CA without P: Databases that provide distributed transactional semantics can only do so in the absence of a network partition separating server peers.

I find these statements awkward, and feel like they support the mistaken belief that CA is a valid option. You certainly can’t pick CA where your C is linearizability (as in Gilbert and Lynch’s proof) or serializability. If you’re allowed to pick CA, either your definition of C is weaker than either of those, your definition of A doesn’t require minority partitions to make progress, or you’re in denial about network partitions (which do exist). Compare the definition of CP:

CP without A: In the event of a partition, further transactions to an ACID database may be blocked until the partition heals, to avoid the risk of introducing merge conflicts (and thus inconsistency).

Is that saying that CA exists, but just introduces inconsistencies that CP doesn’t? Overall, I don’t follow Fox and Brewer’s thinking about partition tolerance in this paper.

On to the model itself, which concerns itself with:

large applications whose output behavior tolerates graceful degradation

The idea of graceful degradation is that a partial response may be more useful to the client than no response, so you can directly trade off between the completeness of the response and the availability of the system. Many real-world systems can tolerate partial responses, especially if you can provide some bounds on the definition of partial. Using probabilistic data structures like Bloom filters and the count-min sketch is a widely accepted technique for scaling systems, and it makes sense to apply the same ideas to availability.

We assume that clients make queries to servers, in which case there are at least two metrics for correct behavior: yield, which is the probability of completing a request, and harvest, which measures the fraction of the data reflected in the response, i.e. the completeness of the answer to the query.

Yield is the availability metric that most practitioners end up working with, and it’s worth noting that its different from CAP’s A. The authors don’t define it formally, but treat it as a long-term probability of response rather than the probability of a response conditioned on there being a failure. That’s a good common-sense definition, and one that fits well with the way that most practitioners think about availability.

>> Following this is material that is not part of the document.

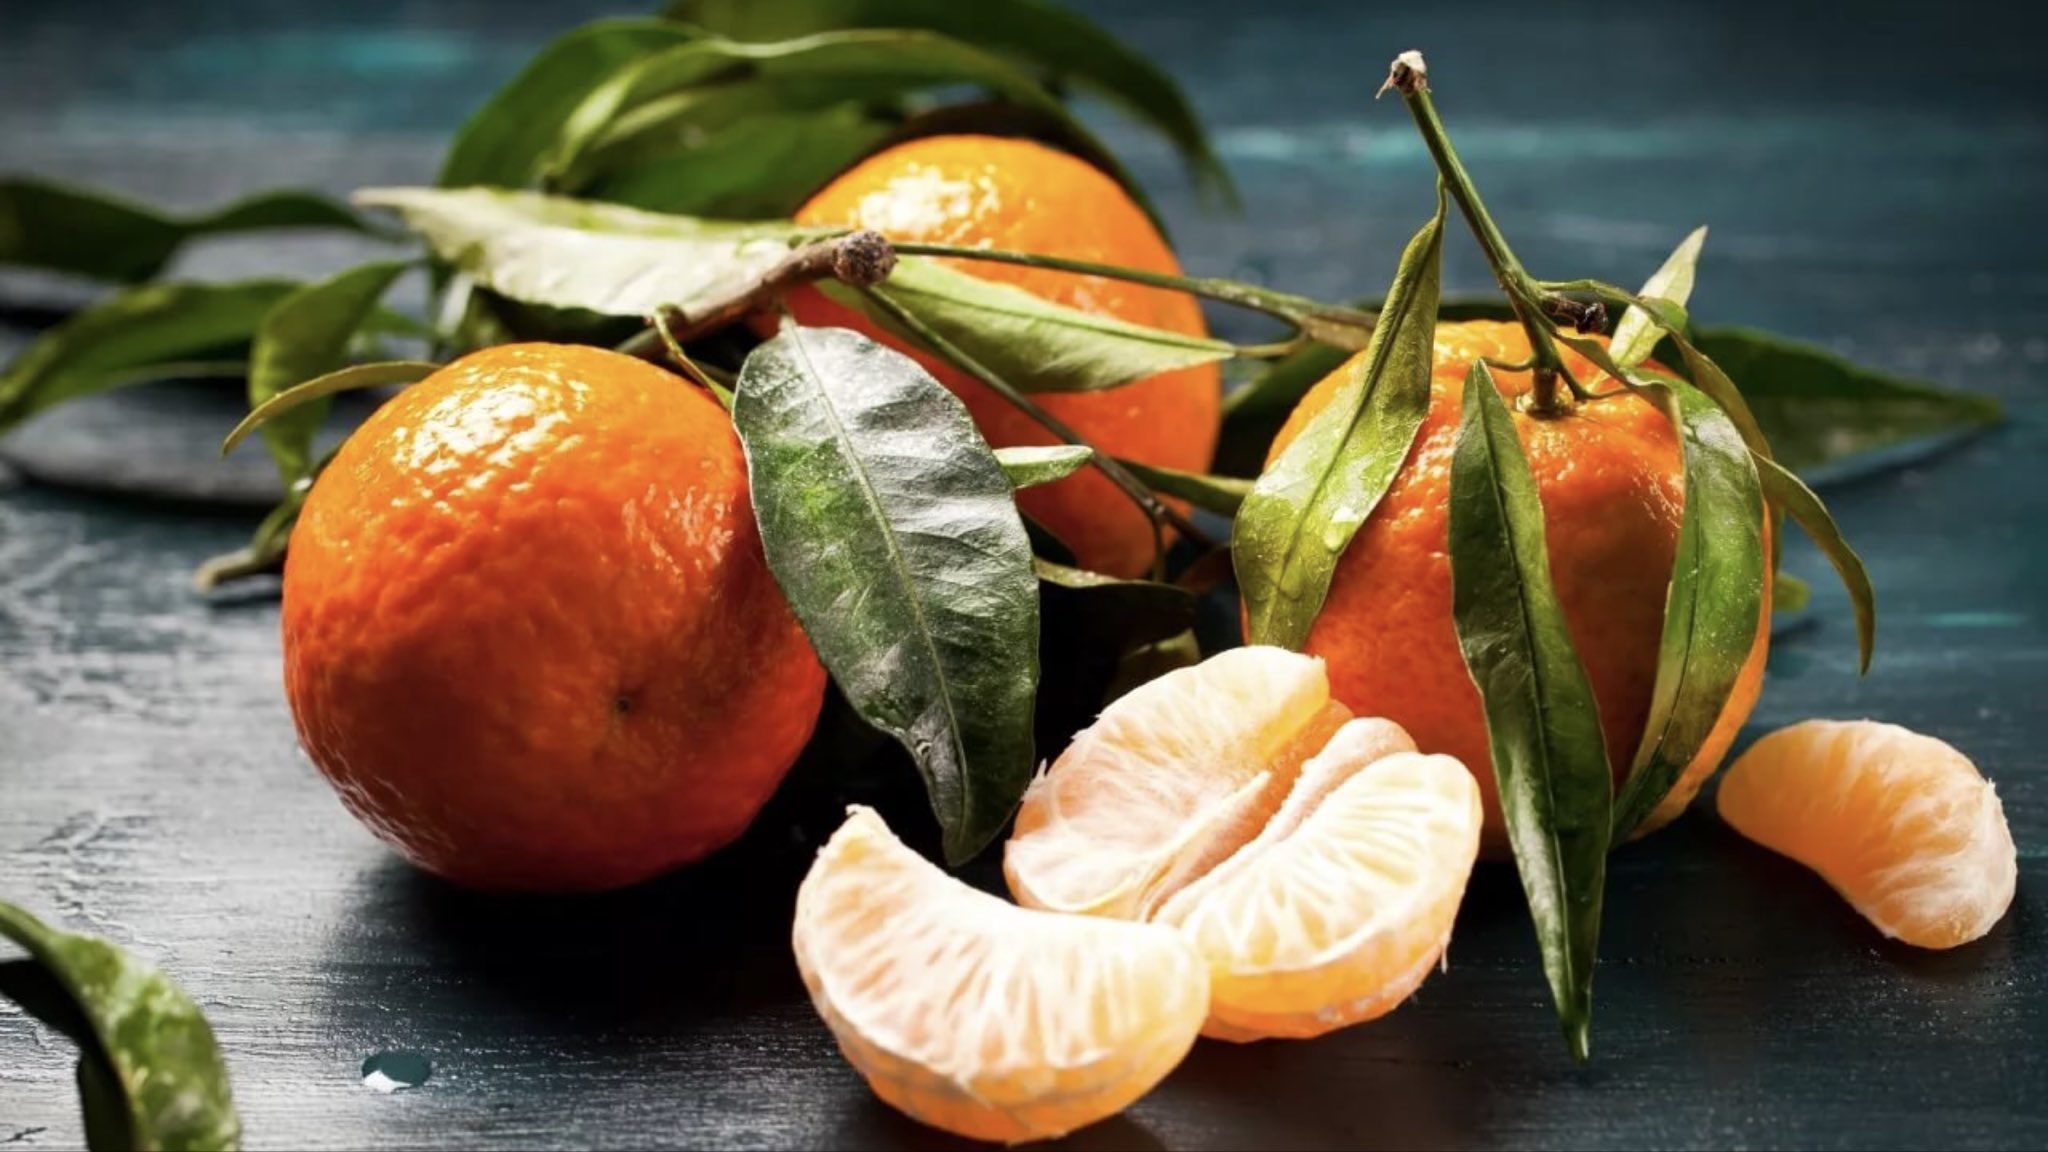 البرتقال وقشر البرتقال كنز في البيت اعرف فوائده واستخدمه في بيتك لتعزيز صحتك وصحة أولادك
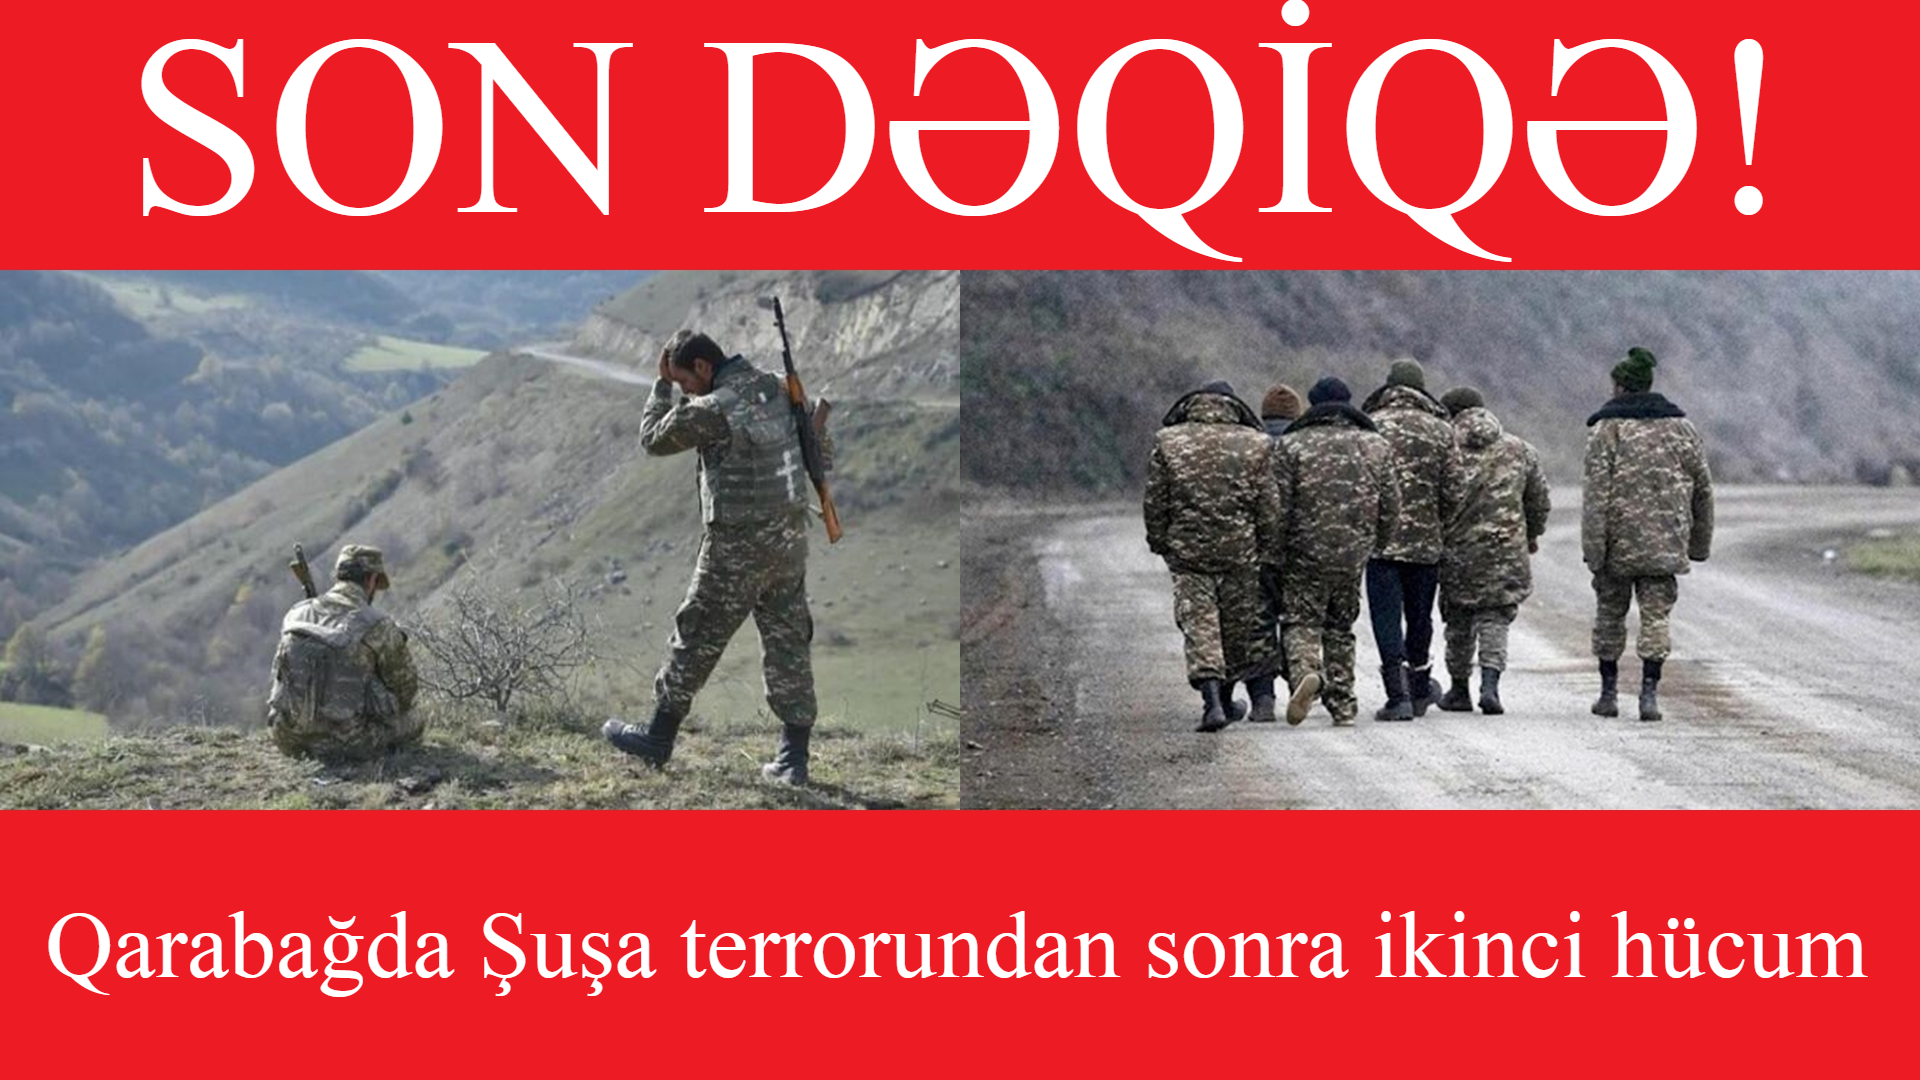 SON DƏQİQƏ! : Qarabağda Şuşa terrorundan sonra ikinci hücum..

In the presence of faults there is typically a tradeoff between providing no answer (reducing yield) and providing an imperfect answer (maintaining yield, but reducing harvest).

That’s a very powerful idea, and one worth sharing.

Even when the 100%-harvest answer is useful to the client, it may still be preferable to trade response time for harvest when client-to-server bandwidth is limited, for example, by intelligent degradation to low-bandwidth formats.

Another good idea, and one that has been widely used. As good an ideas as it is, though, the paper is conflating at least three separate ideas: cases of shrinking data to conserve bandwidth, responding with cached data to conserve latency, and responding with a partial response to conserve availability. A more precise definition of harvest would be very useful, as would definitions of different availability, latency and bandwidth tradeoffs.

The actual benefit is the ability to provision each subsystem’s state management separately, providing strong consistency or persistent state only for the subsystems that need it, not for the entire application.

That’s yet another good idea, as is the concept of orthogonal mechanisms from section 5. Again, the problem is that the idea isn’t fully developed, and has some significant edge cases.

I really like the concepts of harvest and yield, and many of the other ideas in this paper. I just find the whole thing hard to recommend as a unit. It feels like a bag full of unmarked tools. A sharp scalpel. A rusty hammer. A glass bottle of FOOF. A nice microscope. There’s a lot in there to like, but sticking your hand in and rummaging around may do more harm than good.

In any case, harvest and yield isn’t really a CAP replacement. The CAP theorem is one boundary of the space of possible designs, a fence that can’t be crossed. Fox and Brewer’s ideas are more about the shape of the landscape inside the fence. That’s useful knowledge, but it’s really in a different category from CAP.